TRY IT:
No pictures, please: print exactly the lines from the one that contains "Мышка REAL-EL RM-211, USB, white" through the last line of the listing.

DATASET EXCERPT:
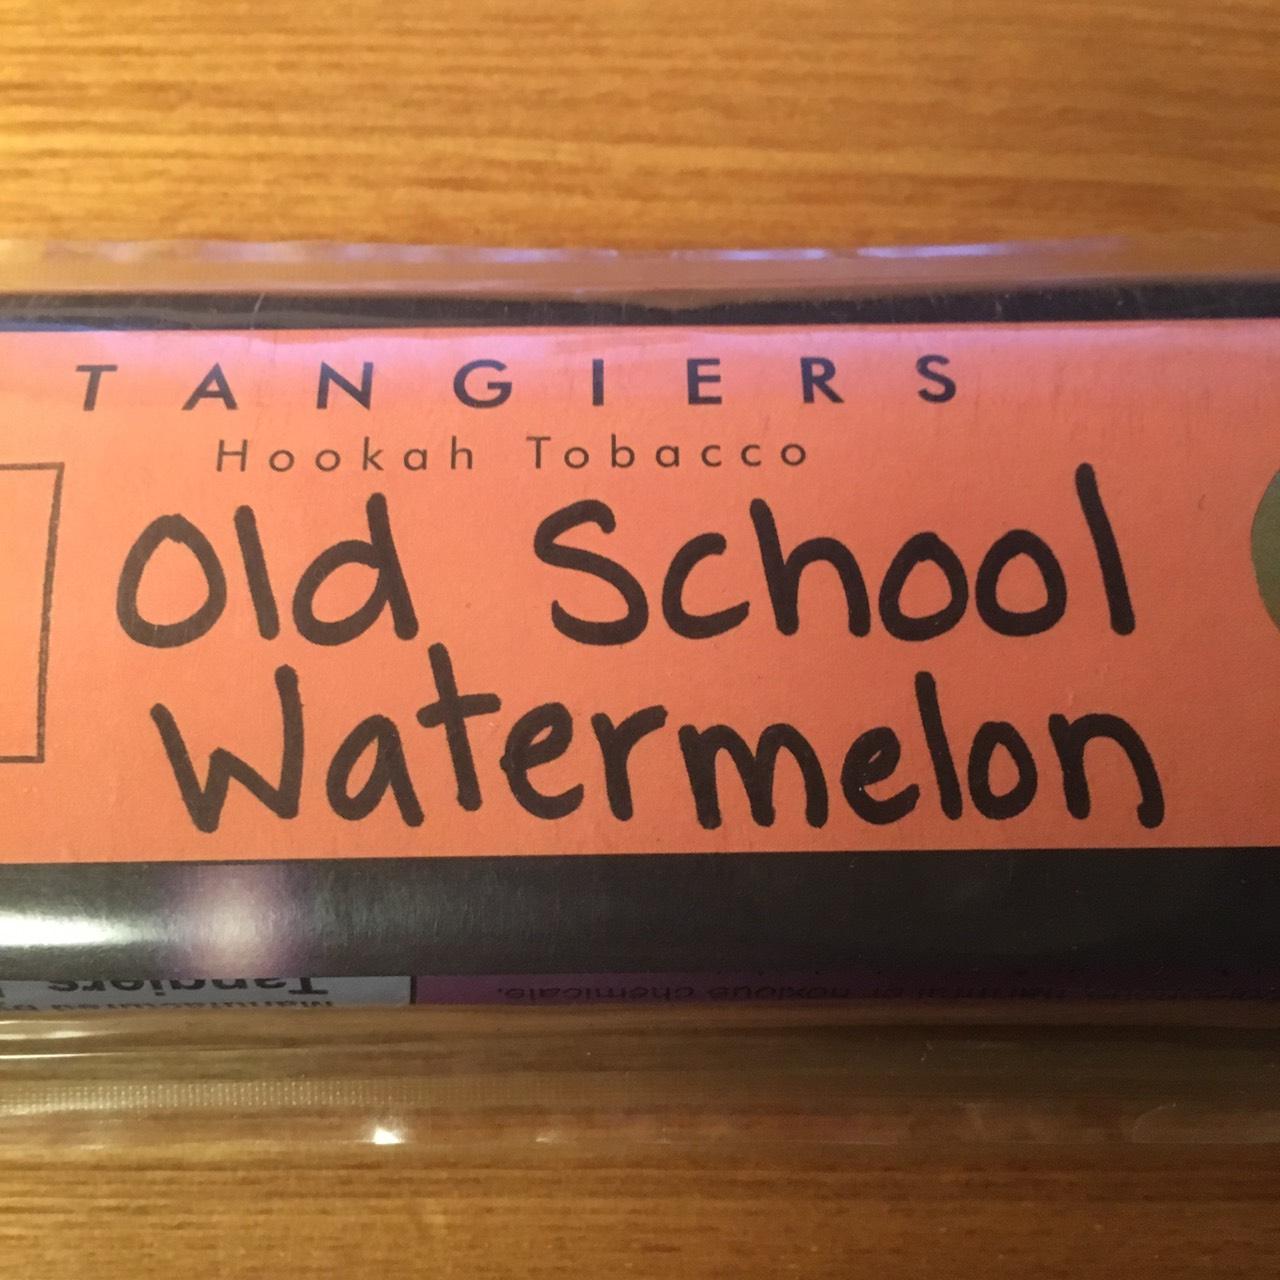 Tangiers Noir / Old School Watermelon(スカスカした甘さのあるクラシックなWatermelon系、やや甘め)
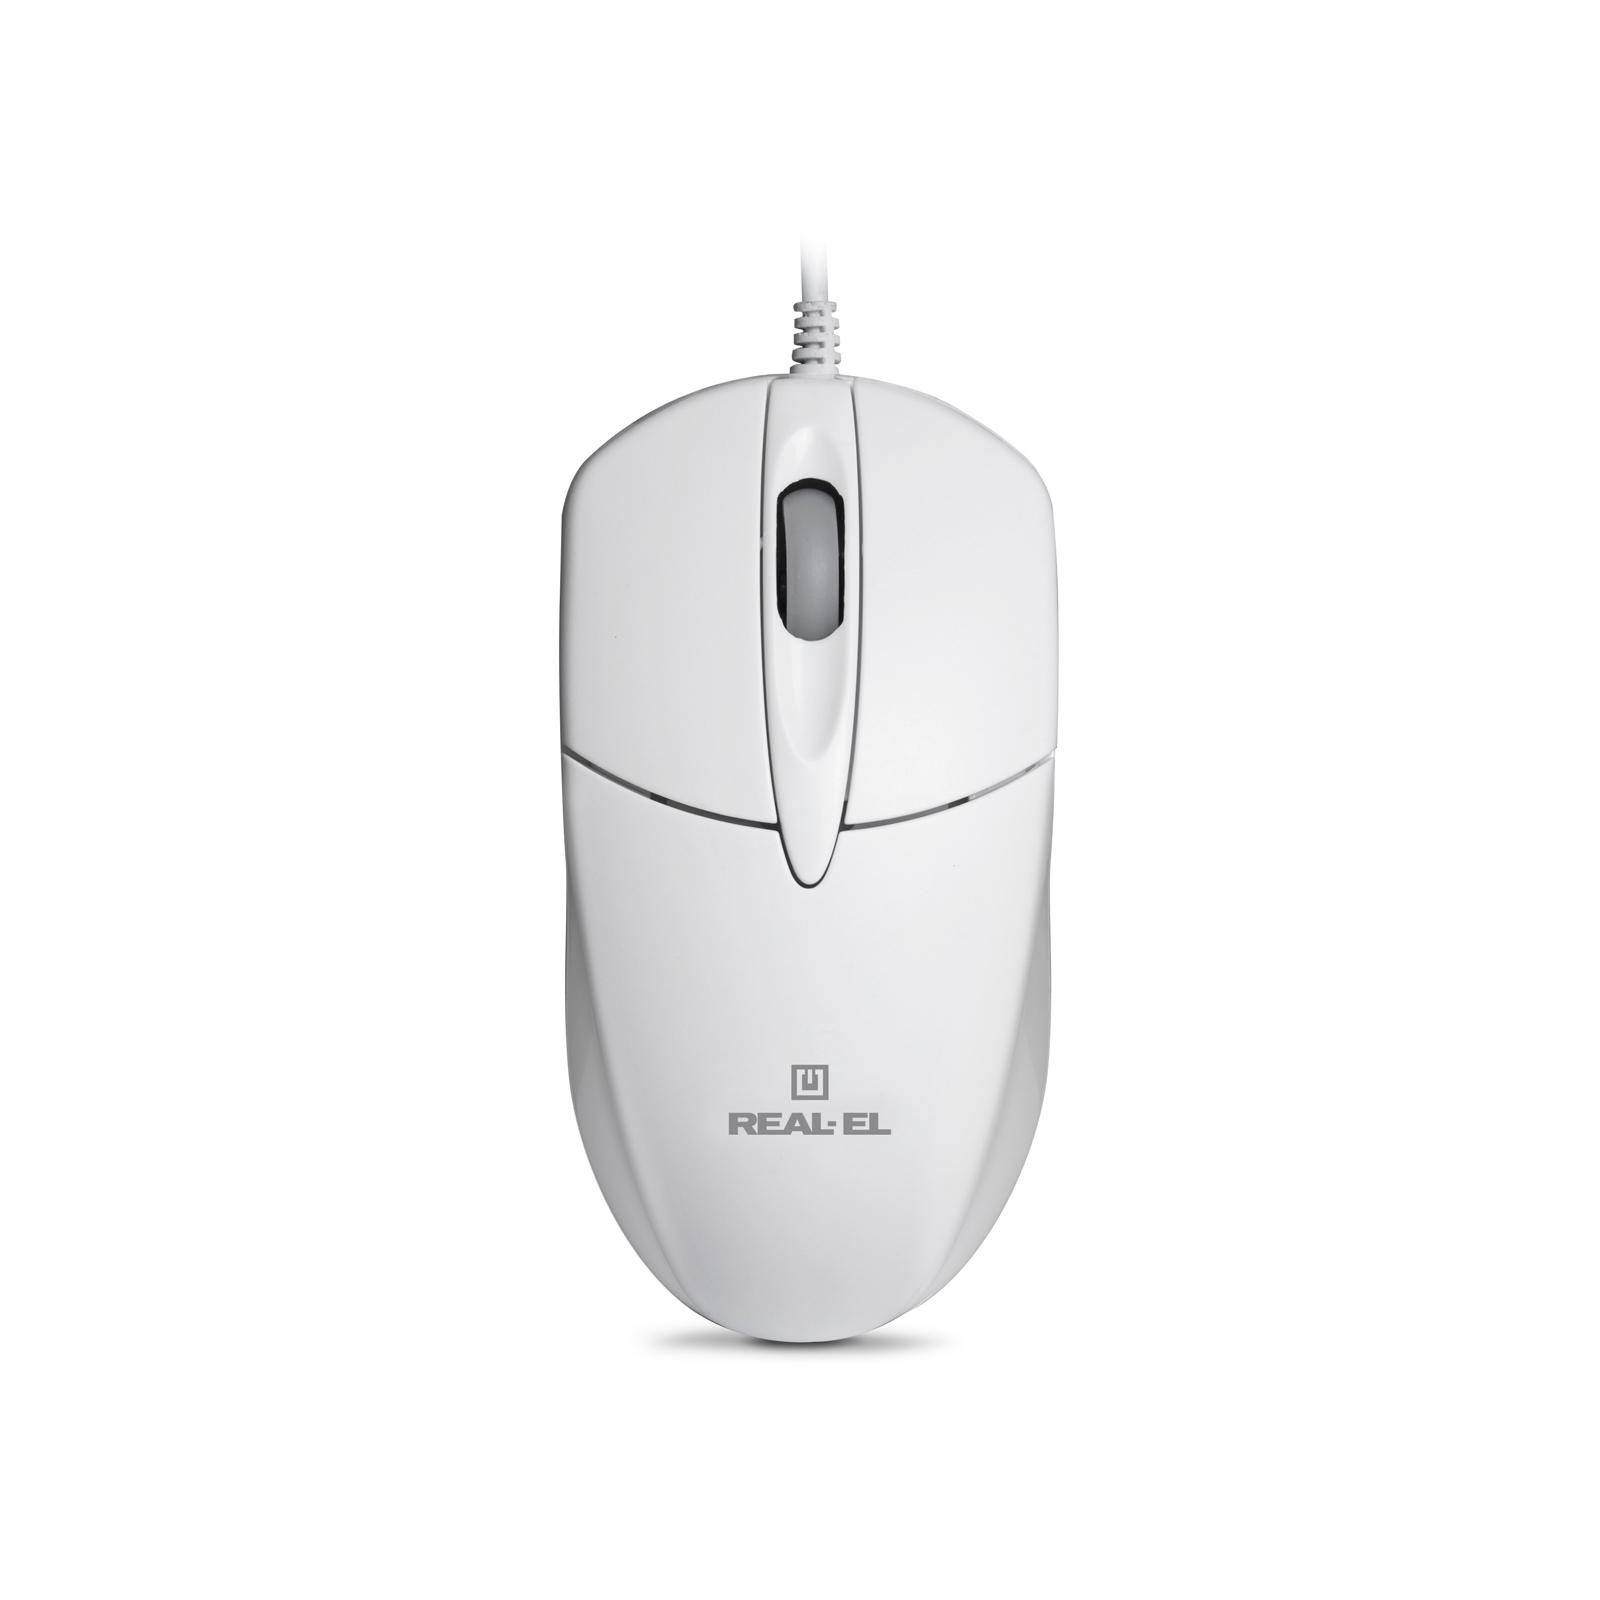 Мышка REAL-EL RM-211, USB, white изображение 2
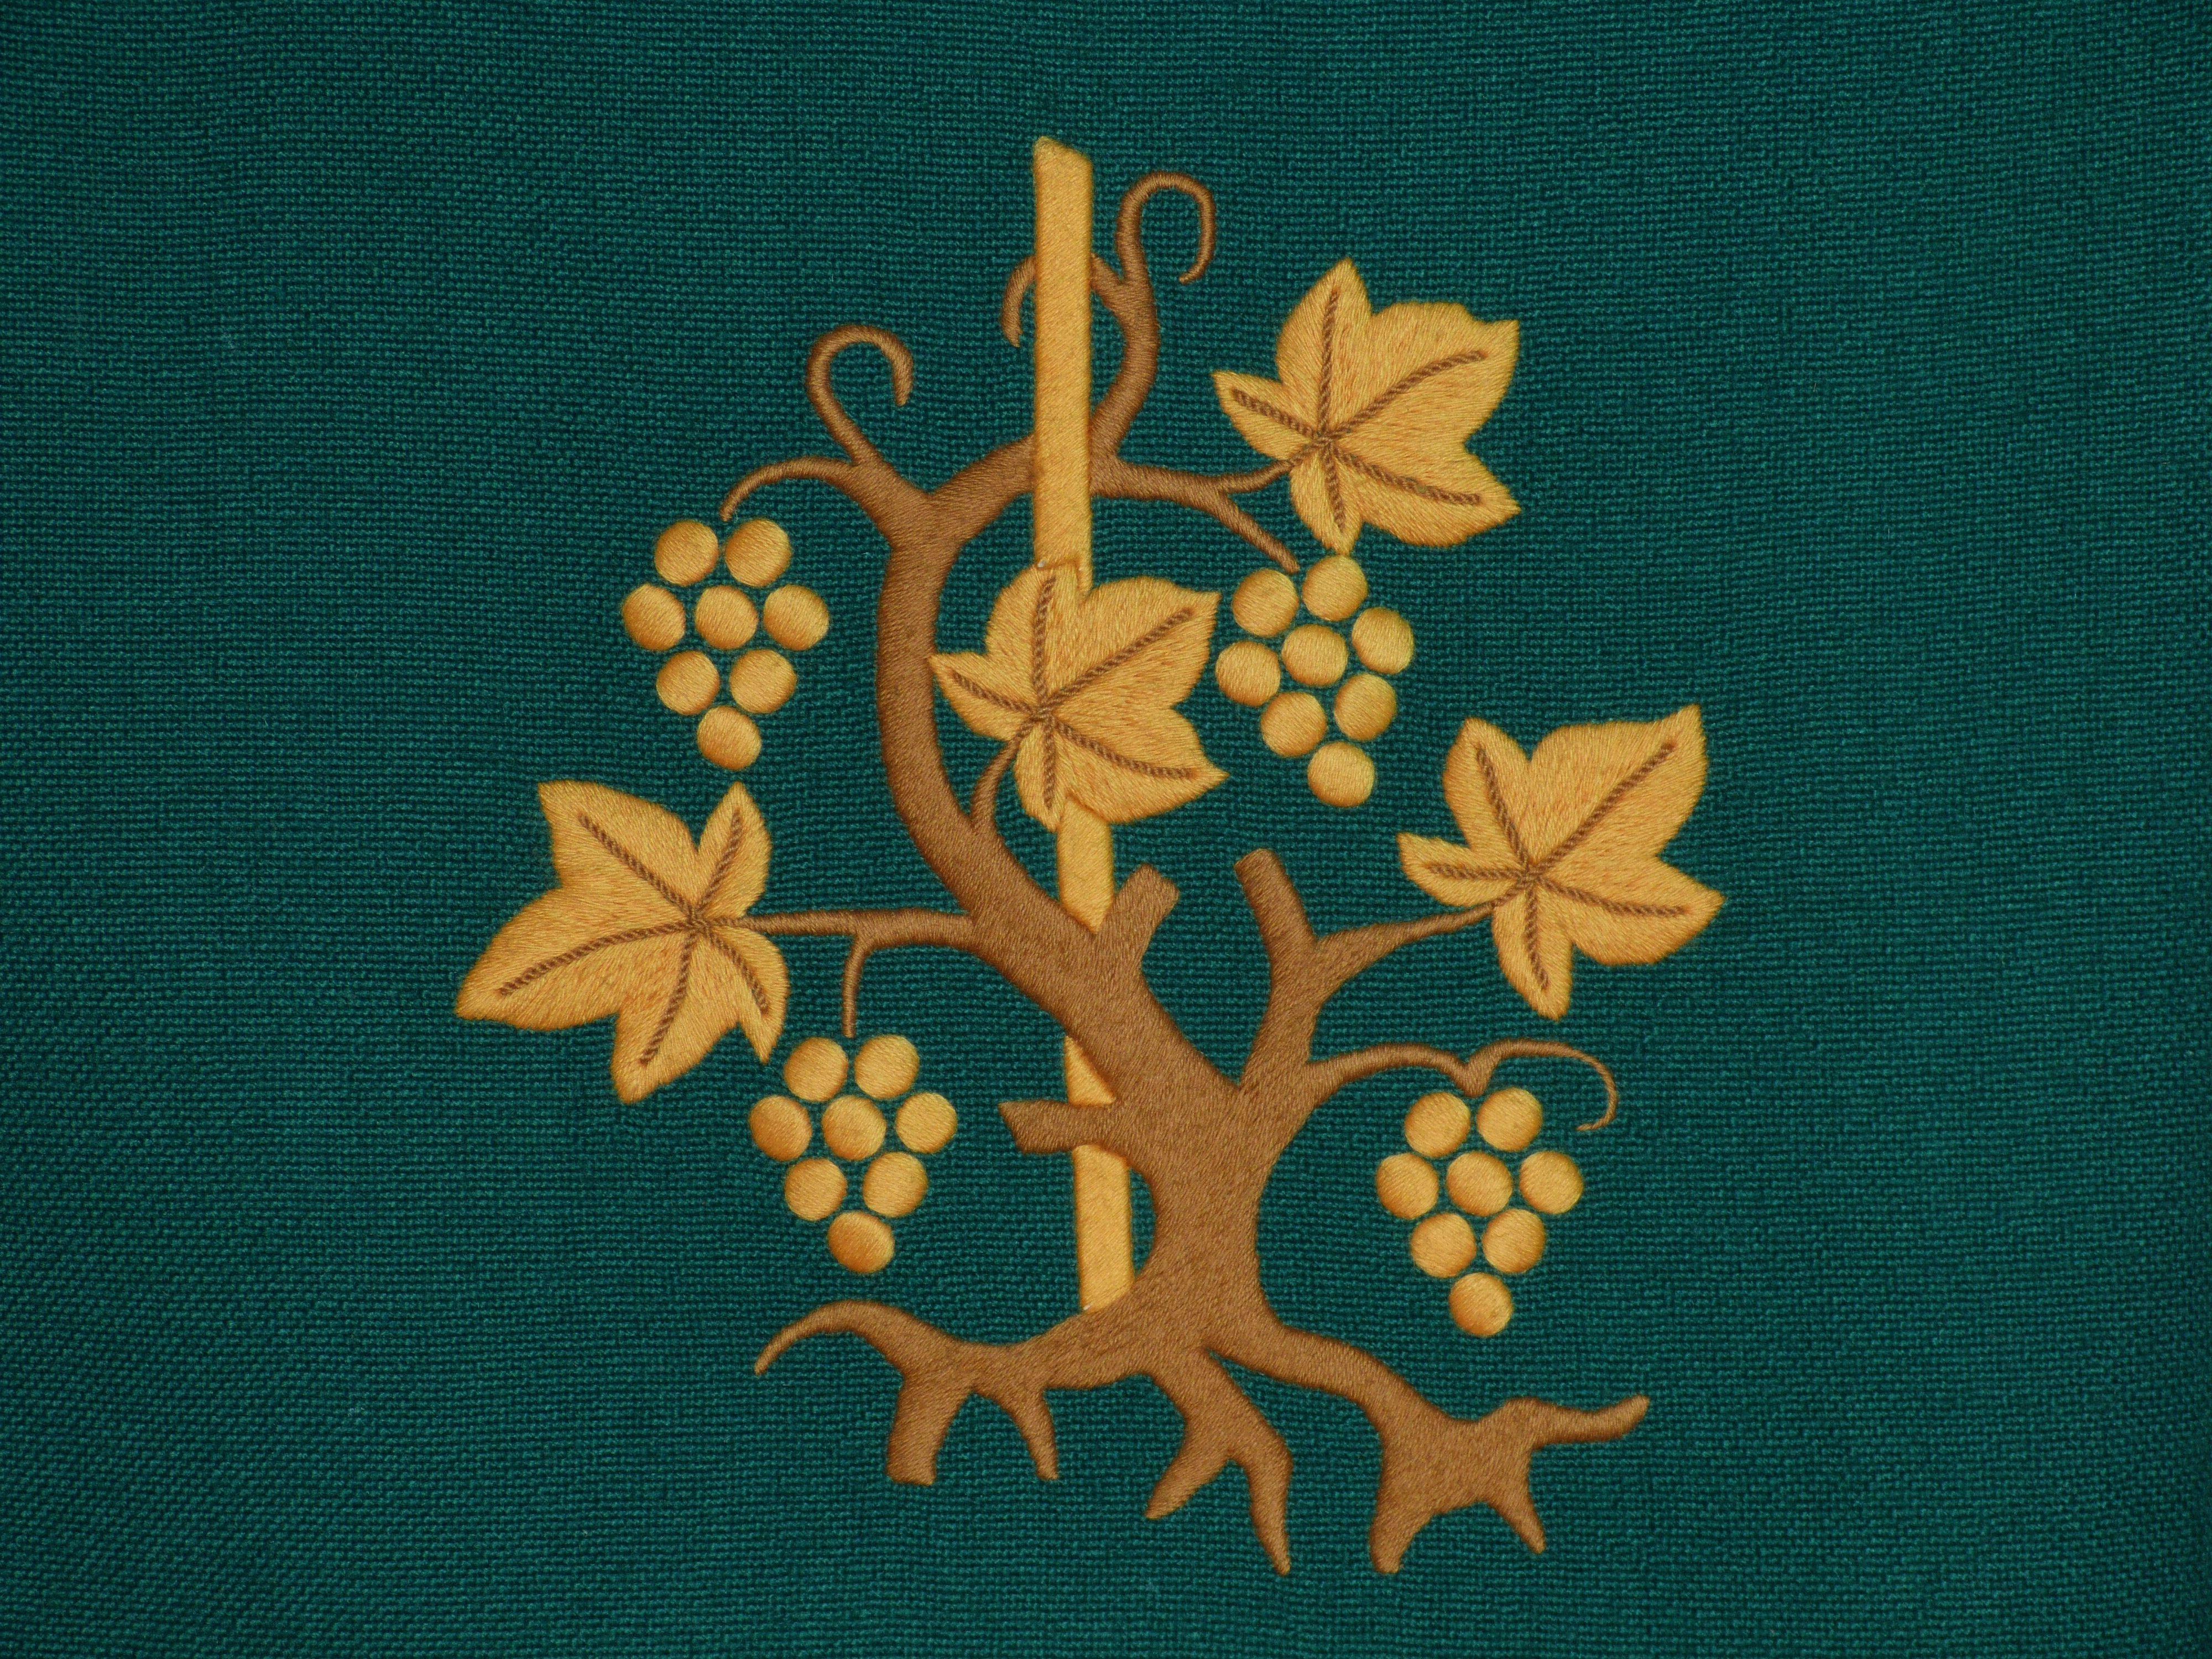 Fotos gratis : árbol, planta, vid, vino, flor, patrón, verde ...

SOLUTION FOR THIS EXERCISE:
 Мышка REAL-EL RM-211, USB, white изображение 2
 Fotos gratis : árbol, planta, vid, vino, flor, patrón, verde ...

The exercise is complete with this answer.